LOUISVILLE, Ky. — Anne Braden was a Southern white woman ahead of her time who fought for civil rights for over 50 years. 


What You Need To Know

  • Kentuckians remember Anne Braden, a Louisville-born civil and human rights activist

  • Braden reported for The Louisville Times in her early 20s, which helped drive her toward activism

  • A pivitol moment for Braden was when she was asked to buy the home of a Black family targeted by their neighbors

  • MLK Jr. recognized Braden in his "Letter from a Birmingham Jail"

“She wanted to bring white people together so white people could understand the struggle of Black people,” said Mattie Jones, a longtime civil rights activist based in Louisville, who calls Braden her best friend.

“Her strength. I remember till this day Anne’s strength,” Jones said.

Braden was born in Louisville on July 28, 1924, but she was raised in Alabama in a middle-class Southern family. 

“And although her family wasn’t extreme by the standards of their day in any way, they were completely in line with what most white Southerners thought, you know, that was not her way ever again,” said Cate Fosl, who wrote Braden’s biography “Subversive Southerner” and founded the Anne Braden Institute for Social Justice Research at the University of Louisville.

Fosl said part of what drove Braden toward civil rights activism was when she came to Louisville in her early 20s to report for The Louisville Times.

“And being assigned to cover education and covering the Lyman Johnson suit to desegregate UK, and interviewing Lyman Johnson, and getting to know African-Americans as people,” Fosl said impacted Braden’s views. 

At The Louisville Times, Anne met labor reporter Carl Braden, who she married in 1948. Fosl said there was alchemy to their relationship. 

“He brought more the working class, labor, organized ordinary people fighting poverty consciousness, and she brought a very profound belief that the way to do that was to work on racism,” Fosl explained.

Already actively involved in civil rights for years, a pivotal moment came for the Bradens in 1954 when they were asked to buy a house in Shively, Ky., a newly developed white suburb, on behalf of the Wade family, a Black family.

“It was just something the Braden‘s always thought they should do, that they should assist in that way. It wasn’t a big campaign at all. It was almost something they were doing out of their back pocket, but it quickly became a big deal,” Fosl said.

According to a historical marker on the home’s street, Andrew and Charlotte Wade moved in on May 15, 1954, two days before the Supreme Court decided on Brown v. Board of Education, ruling that racial segregation of children in public schools was unconstitutional. 

Neighbors burned a cross in the yard and six weeks later, the Wade’s house was dynamited. Fosl said the Bradens and five other white people who supported the Wades were arrested and charged with sedition, and Carl’s case went to trial. 

“I mean, it looked like their lives were going to be crushed, so it was no small thing,” Fosl said. 

The charges were eventually dropped, but the experience led Braden to write a memoir about that time titled “The Wall Between.” Fosl said the book unpacks the psychology of Southern white racism.
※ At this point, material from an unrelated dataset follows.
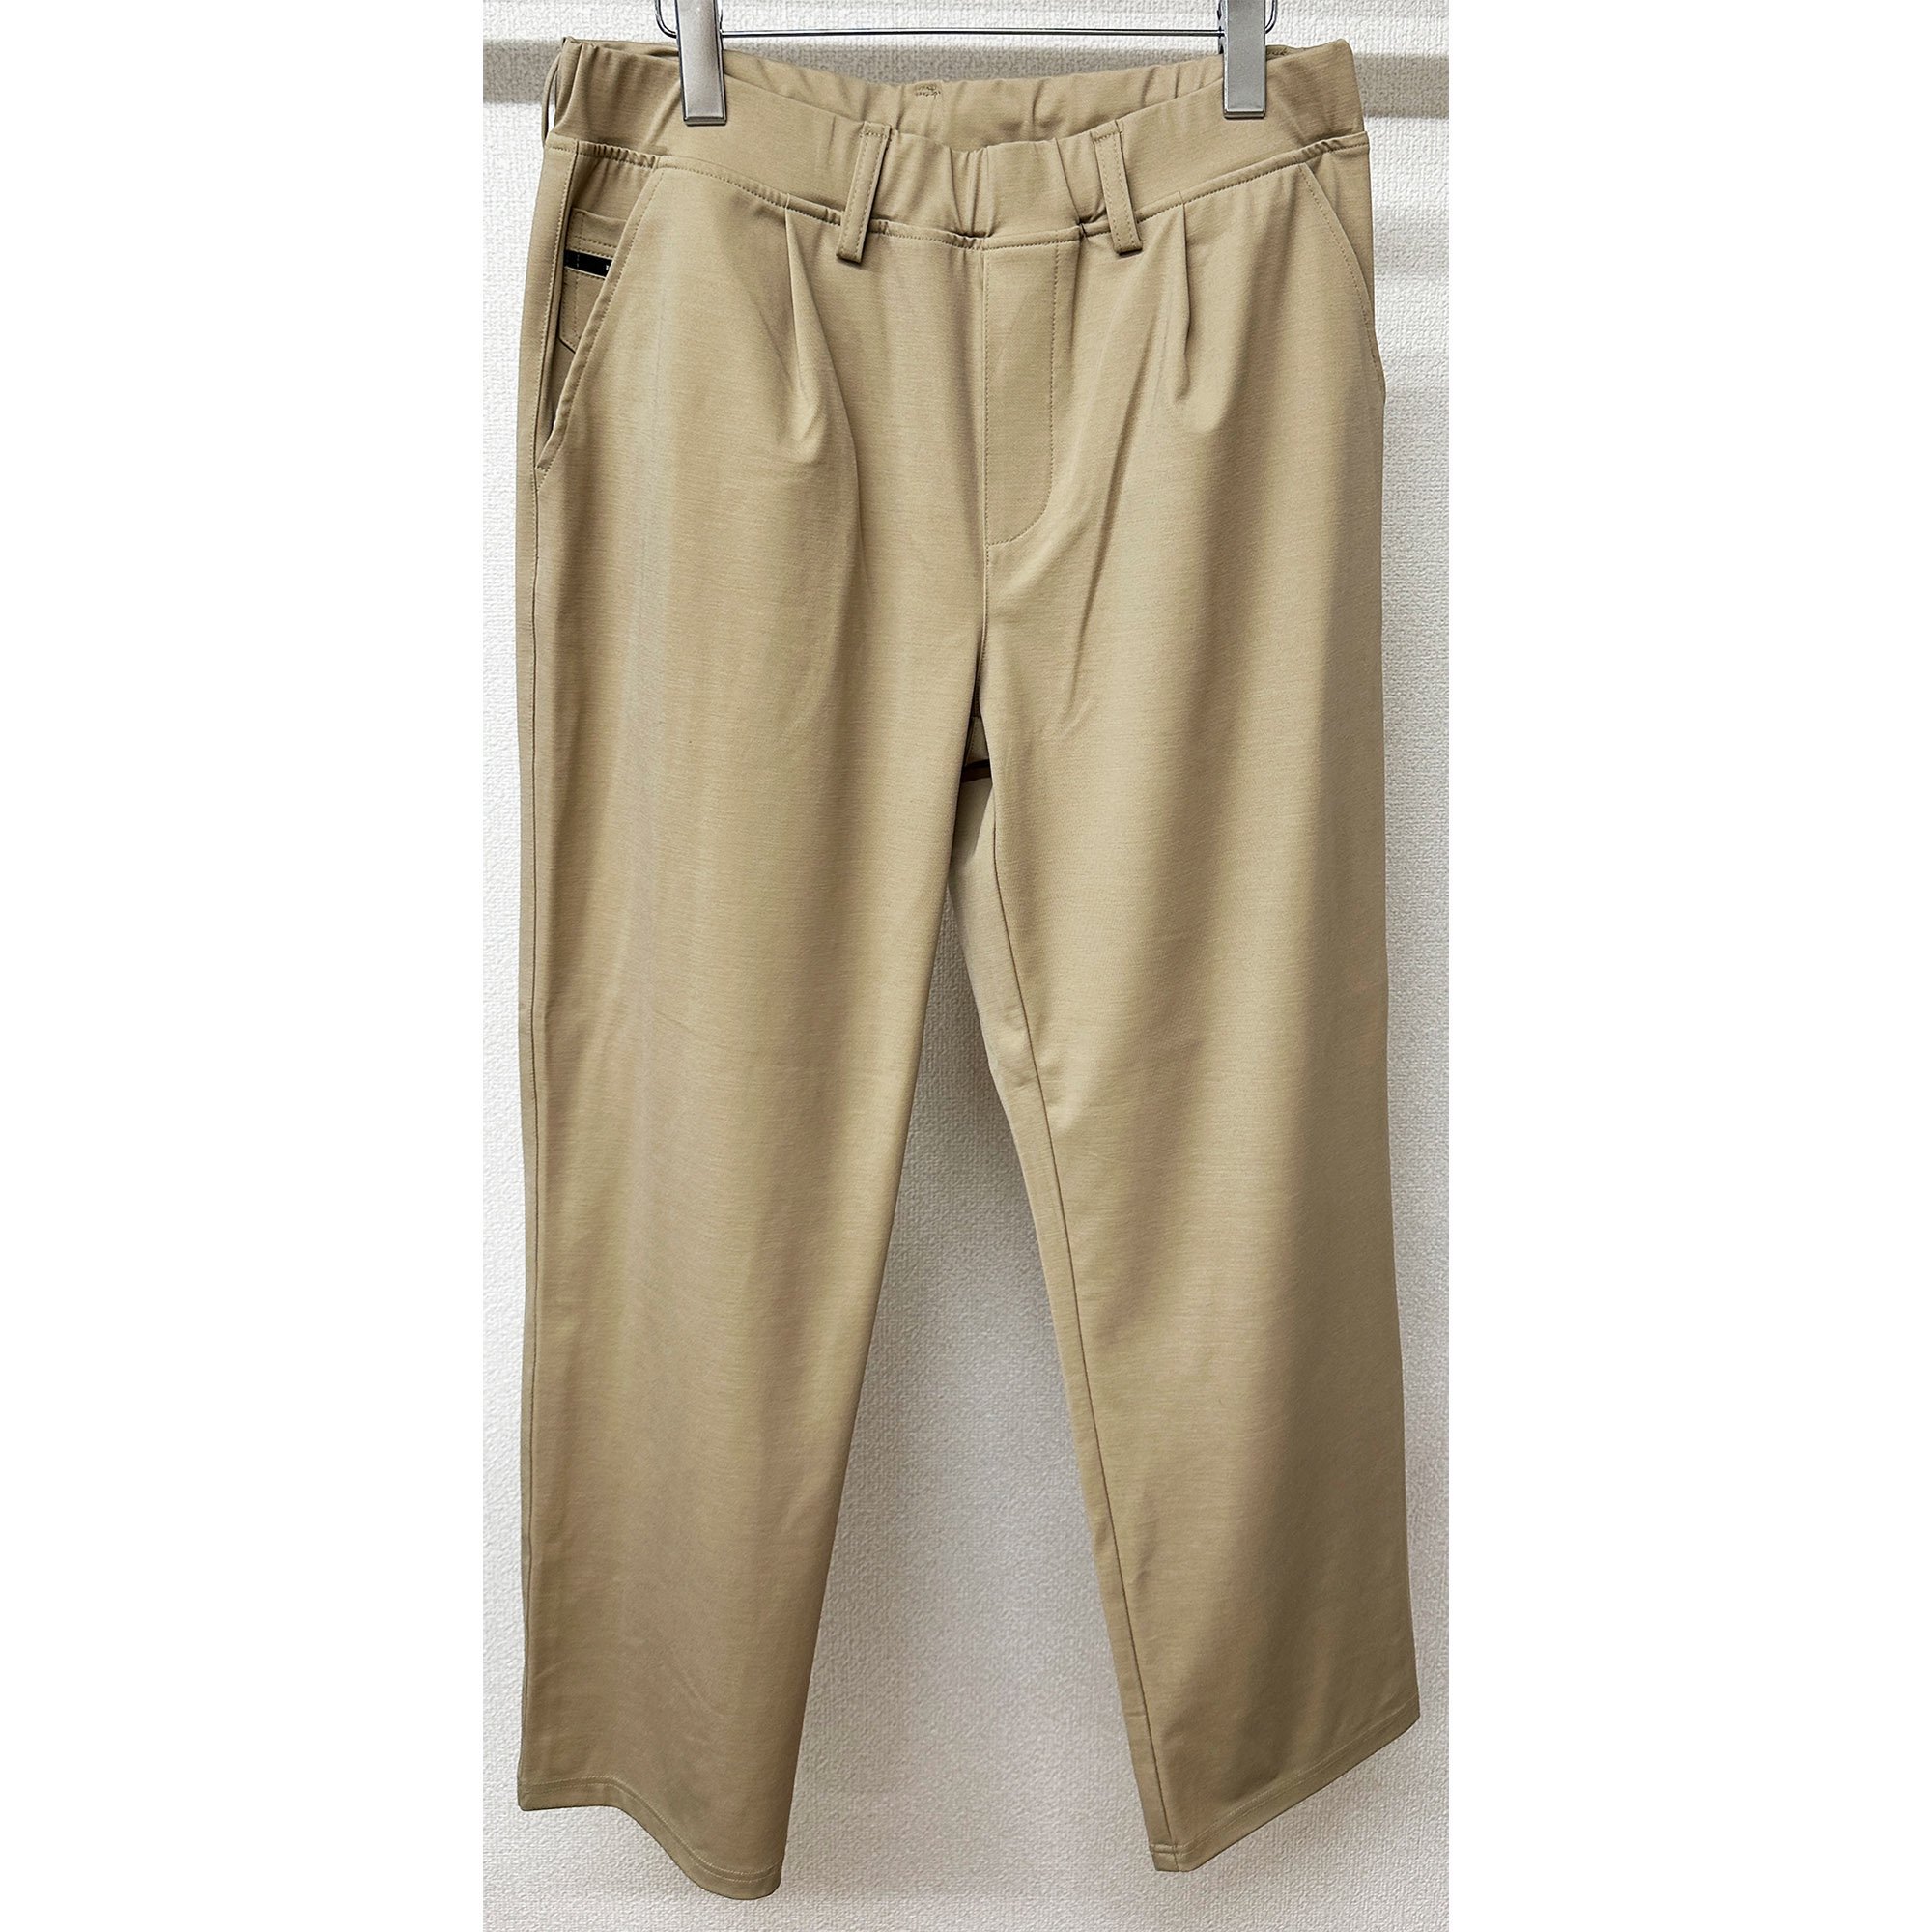 <img class='new_mark_img1' src='https://img.shop-pro.jp/img/new/icons1.gif' style='border:none;display:inline;margin:0px;padding:0px;width:auto;' />CHRIS EASY WIDE TUCK PANTS BEIGE
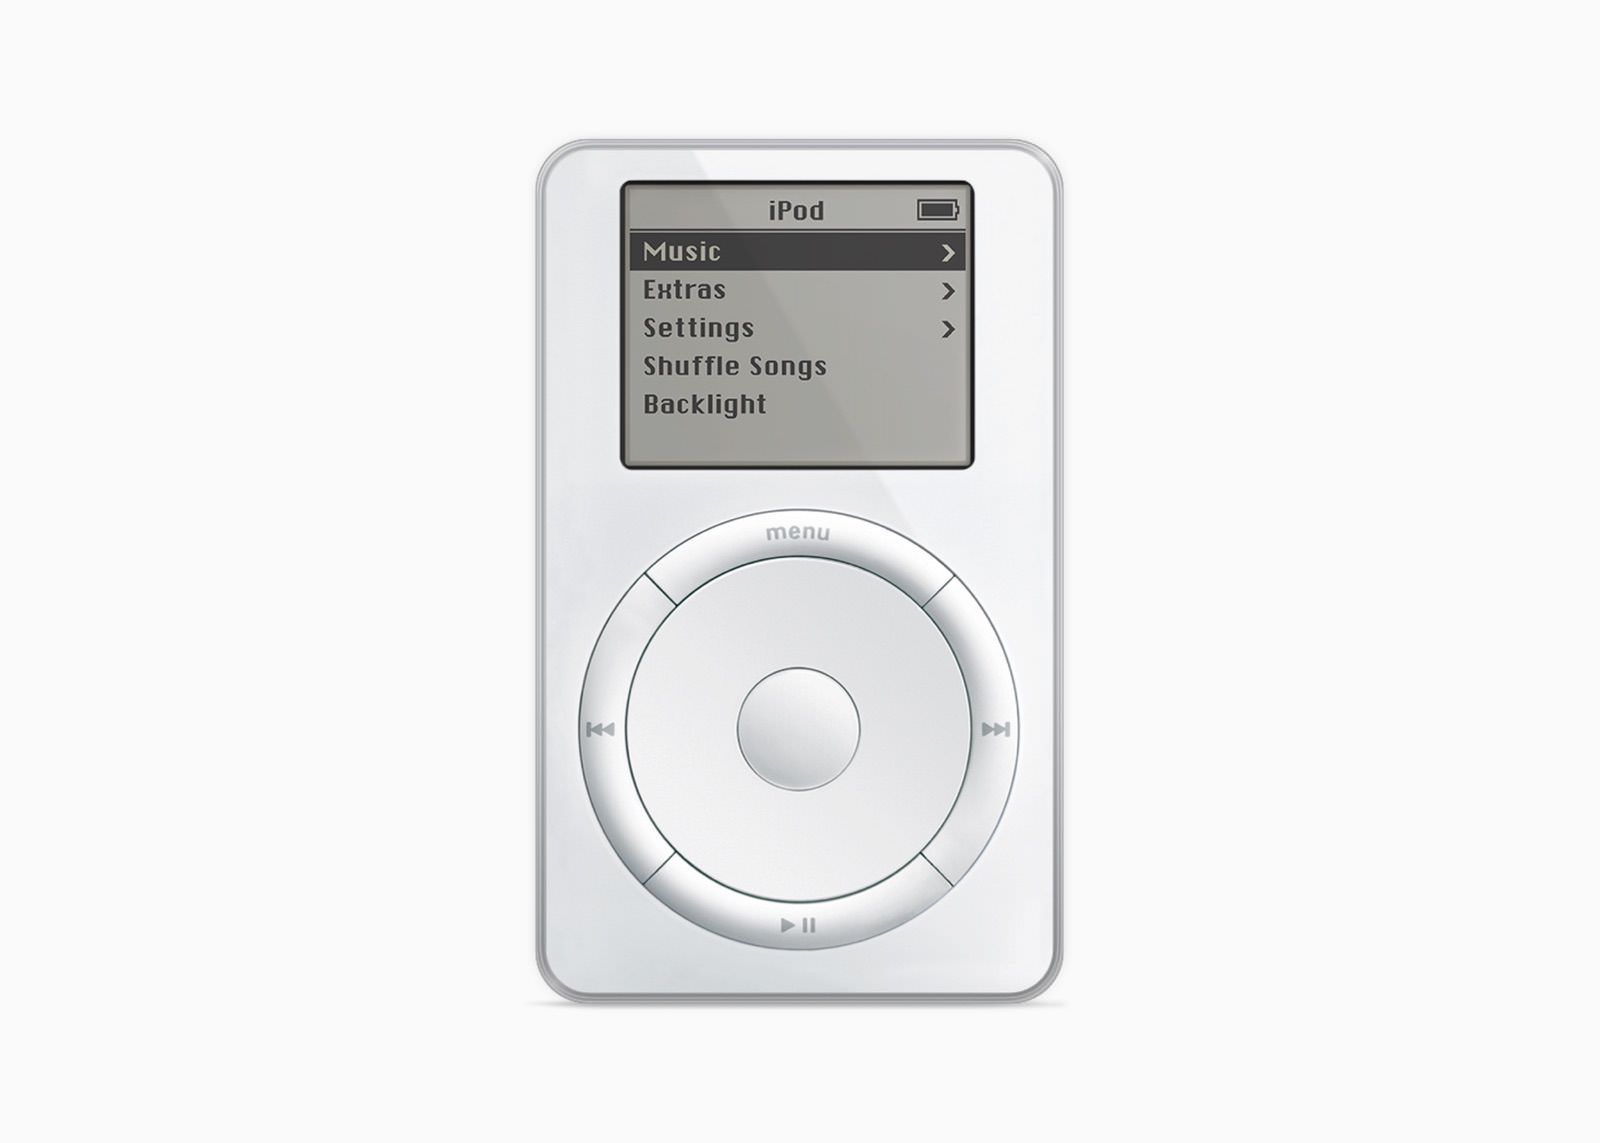 Apple-iPod-end-of-life-iPod-first-generation.jpg

In 1963, when Martin Luther King Jr. wrote his “Letter from a Birmingham Jail” he praised six white writers, stating “Some…have written about our struggle in eloquent and prophetic terms.” One of the six writers named was Braden. 

Fosl said King already knew Braden after she previously gave him a ride to Louisville, where his brother A.D. King was a minister, after a gathering for activists in Tennessee. 

“And they talked, and he later said to Coretta Scott King, his wife, he’s like, ‘I never knew such a white woman existed. I could never imagine someone feeling that way,’” Fosl said.

In the 1970s, Braden co-founded the Kentucky Alliance Against Racist and Political Repression. It’s a social justice organization still active in Louisville today, and it has been very involved in the protests demanding justice for Breonna Taylor. 

Jones said when she became a member of the Kentucky Alliance in the 1970s, she got to know who would become her best friend. 

“And Anne began to take me under her wings, and that taught me an awful lot about working toward a better America,” Jones said. 

In 1990, Braden received the American Civil Liberties Union’s (ACLU) first Roger Baldwin Medal of Liberty. The award is still given today to an organization or individual who demonstrates an exceptional commitment to international human rights advocacy.

Ending racism, war, and poverty is what Braden worked for until she passed away at 81 years old on March 6, 2006. 

Jones said she saw the legacy that Braden leaves behind come to a high point during last year’s protests for Breonna Taylor.

“There we [saw] Black and white and rich, poor together, standing up for what is right. That is the legacy that Anne left behind.”

To learn about the full life Braden led, you can read Fosl’s biography on her, “Subversive Southerner,” or watch the documentary Anne Braden: Southern Patriot.